Work to be completed – Will you output all of the data below exactly, omitting the images?

Collected data –
※
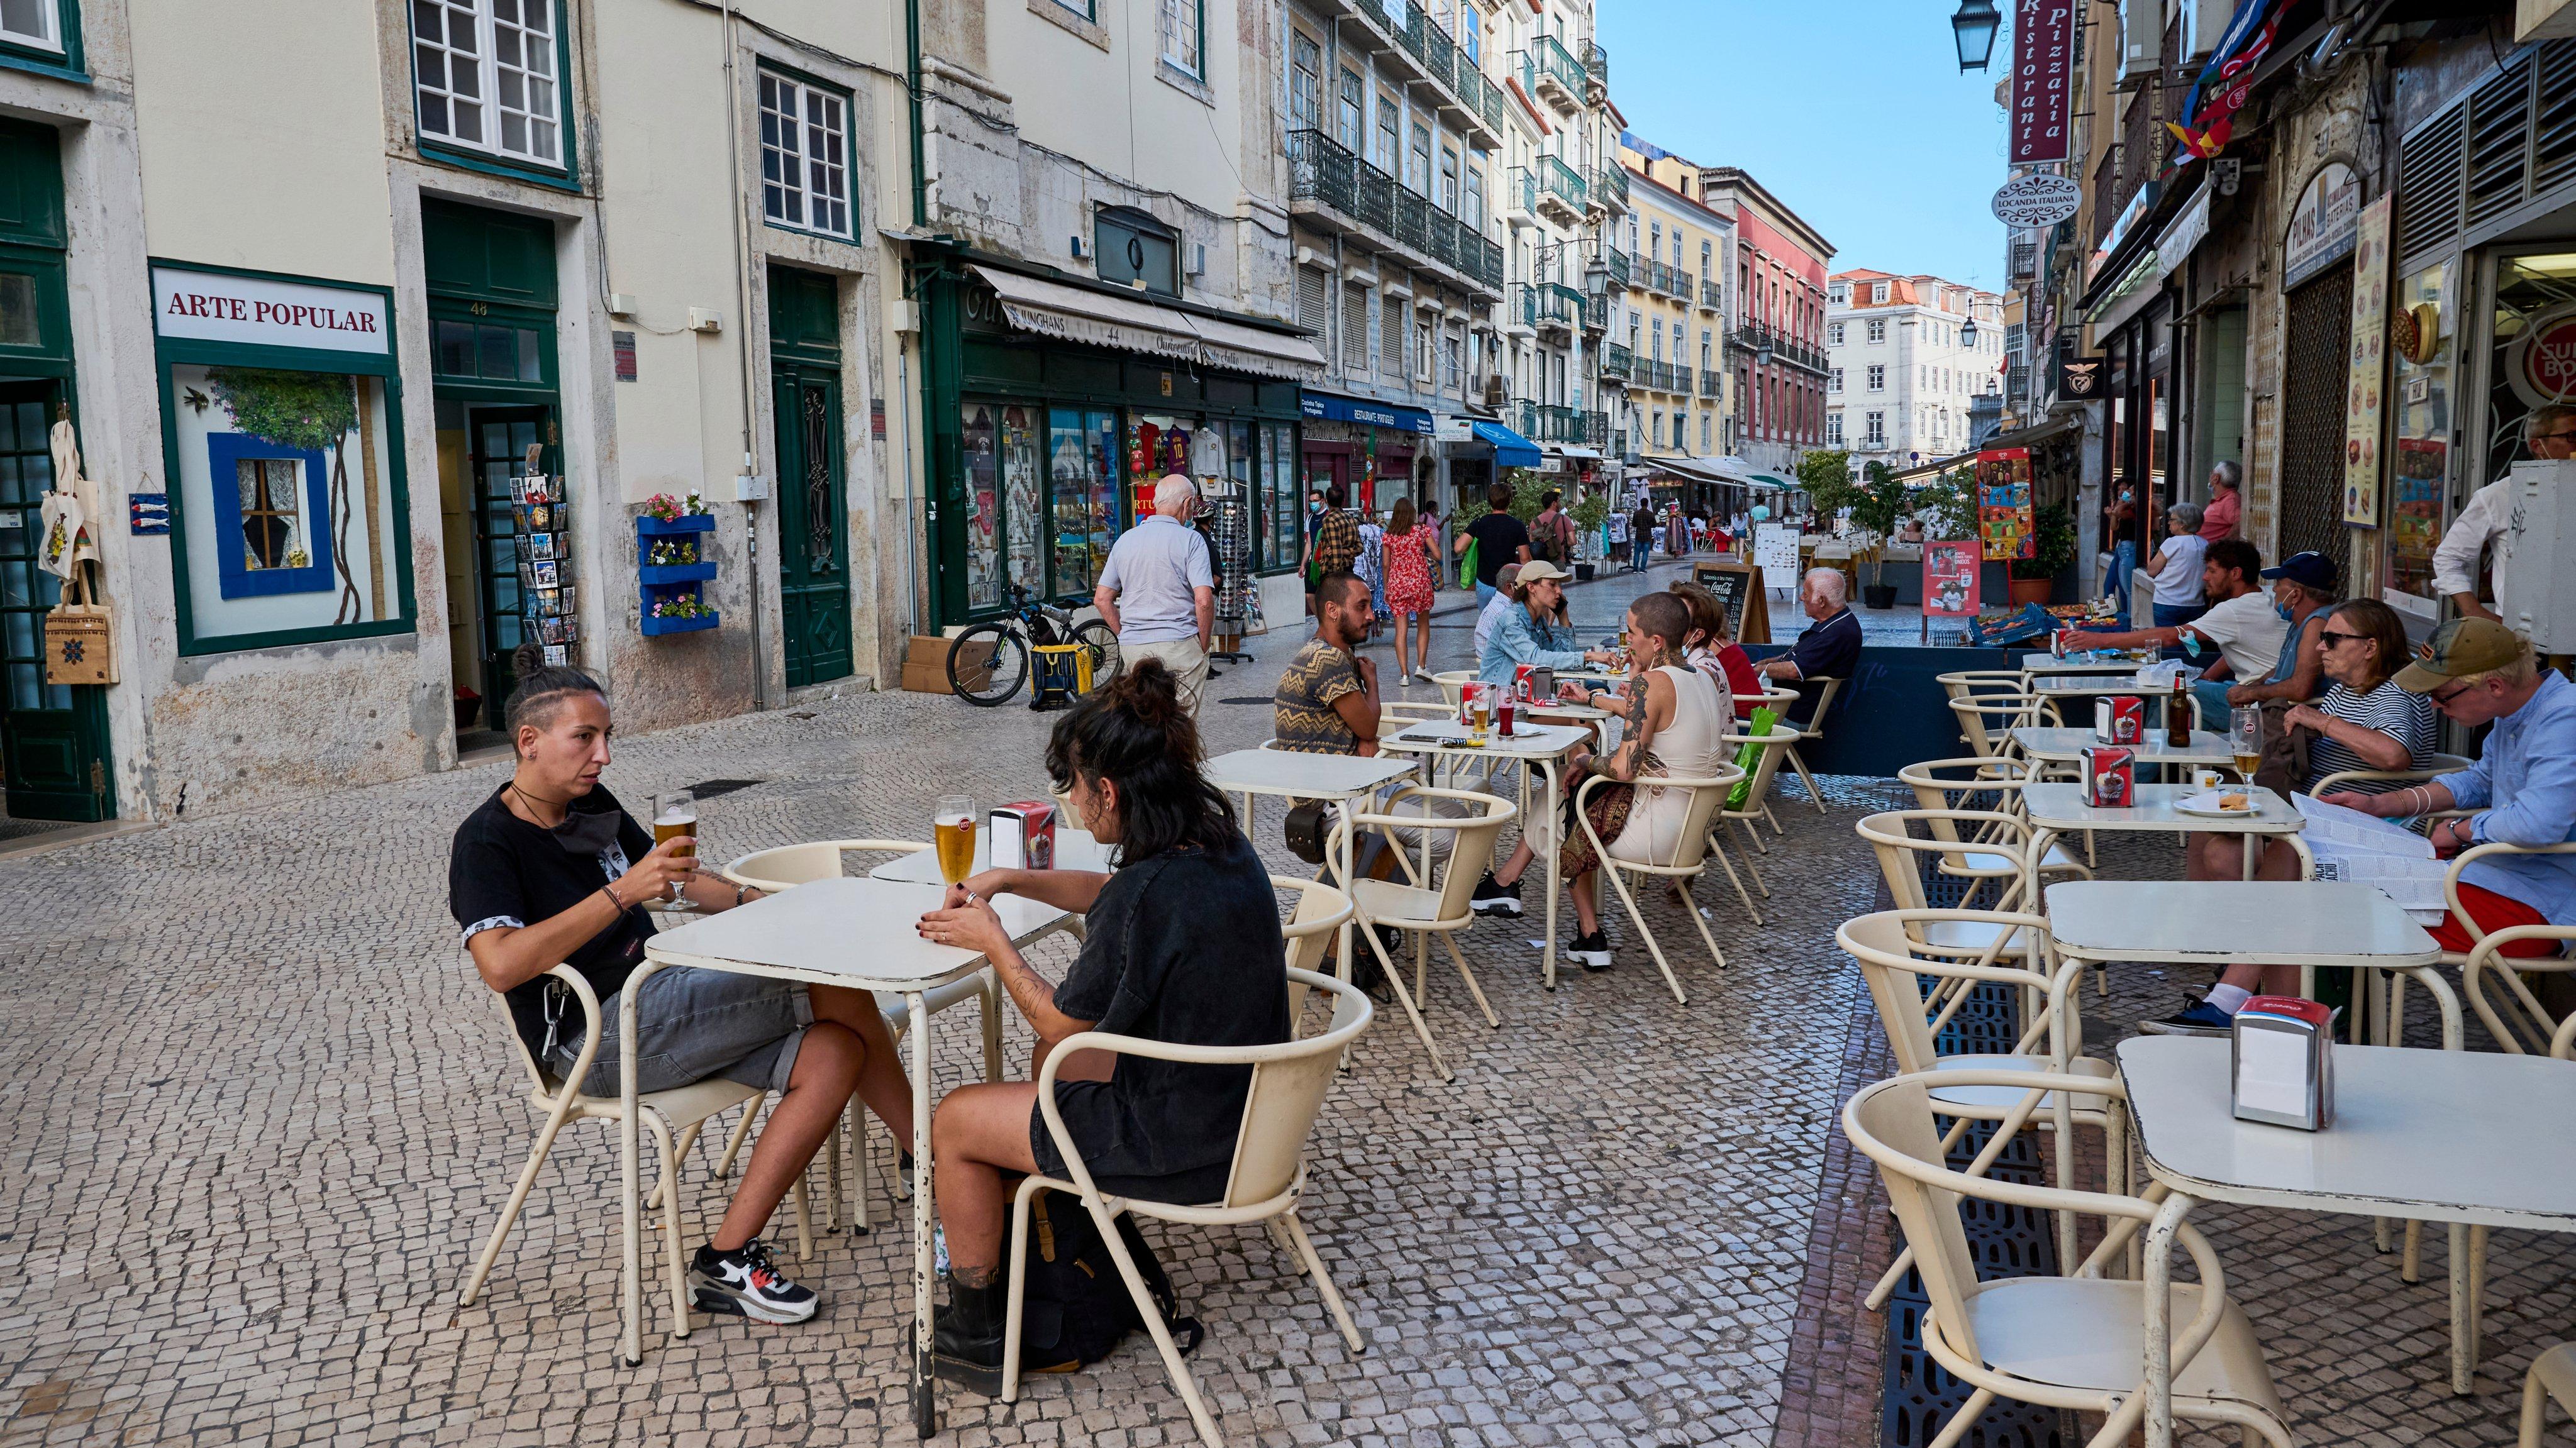 Lisbon Tourism Picks Up As COVID-19 Vaccination Continue
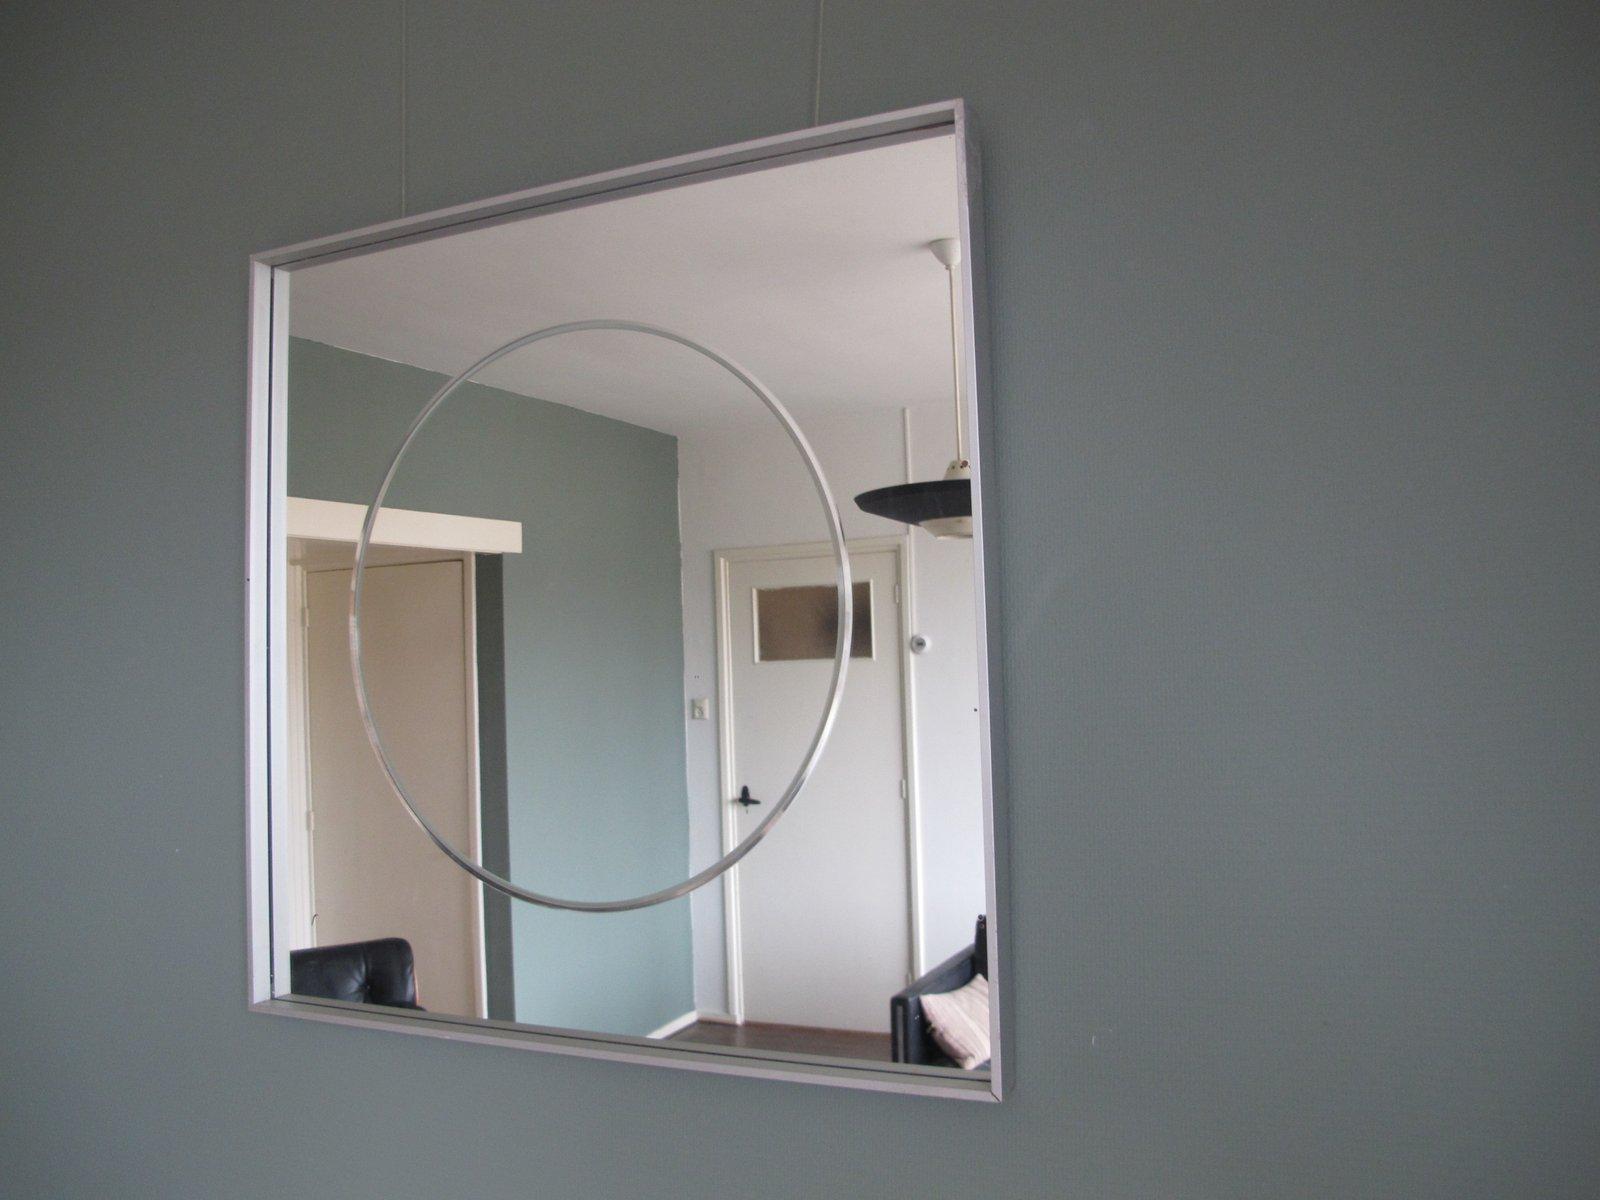 quadratischer vintage spiegel mit aluminium rahmen bei. Black Bedroom Furniture Sets. Home Design Ideas
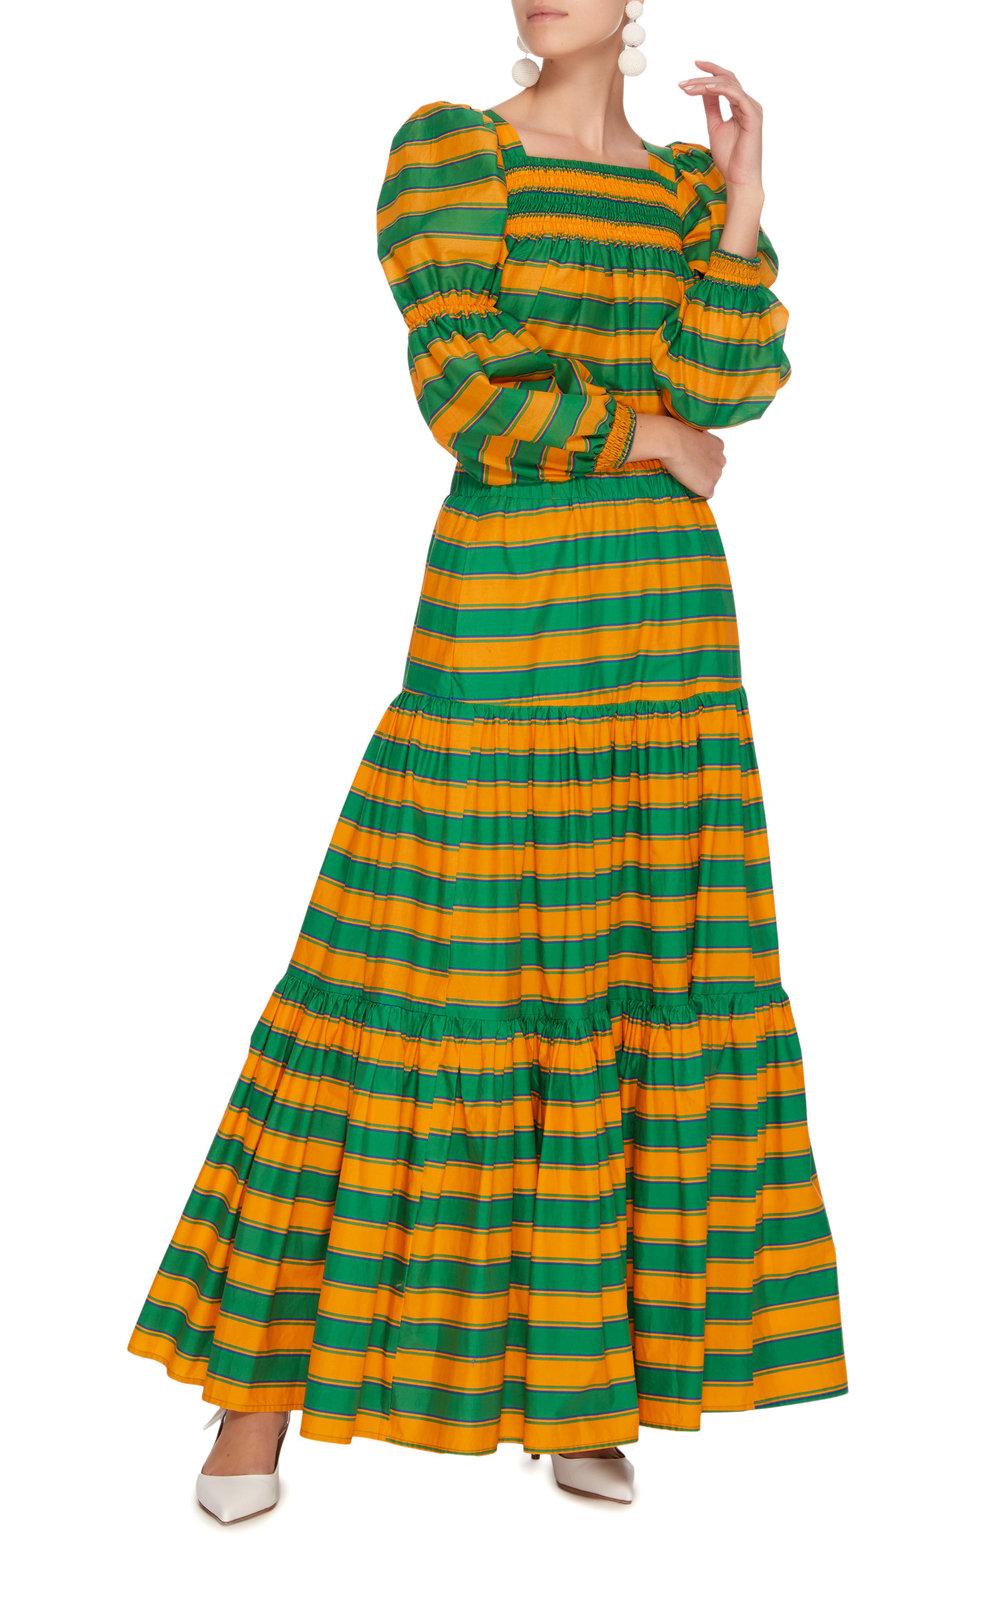 large_la-doublej-stripe-striped-cotton-maxi-skirt-1.jpg
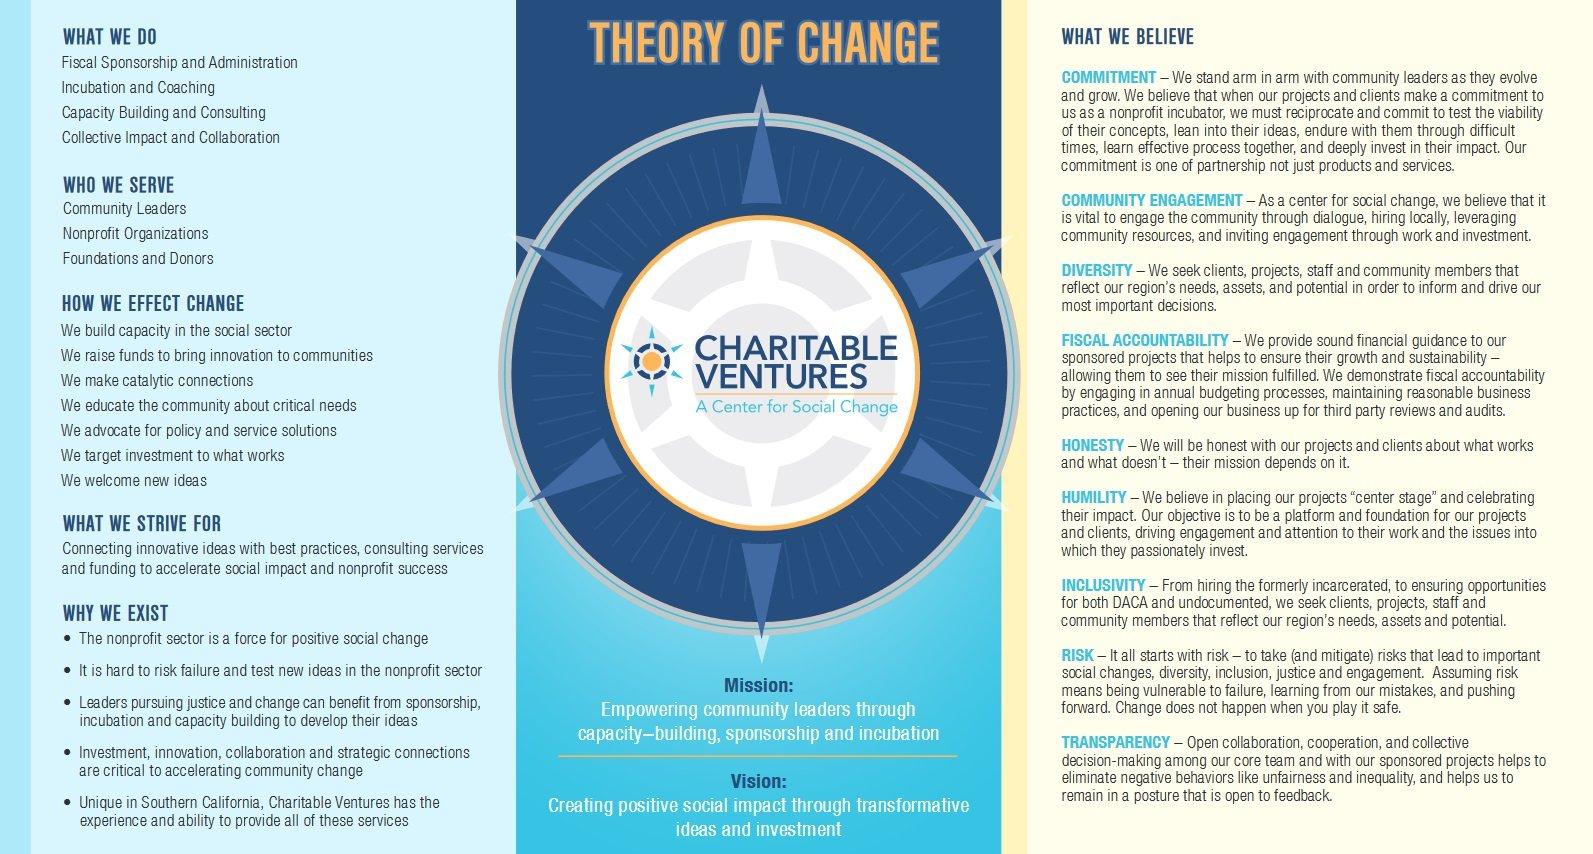 sponsorship-incubation-charitable-ventures
※
Expected answer –
 Lisbon Tourism Picks Up As COVID-19 Vaccination Continue
 quadratischer vintage spiegel mit aluminium rahmen bei. Black Bedroom Furniture Sets. Home Design Ideas
 large_la-doublej-stripe-striped-cotton-maxi-skirt-1.jpg
 sponsorship-incubation-charitable-ventures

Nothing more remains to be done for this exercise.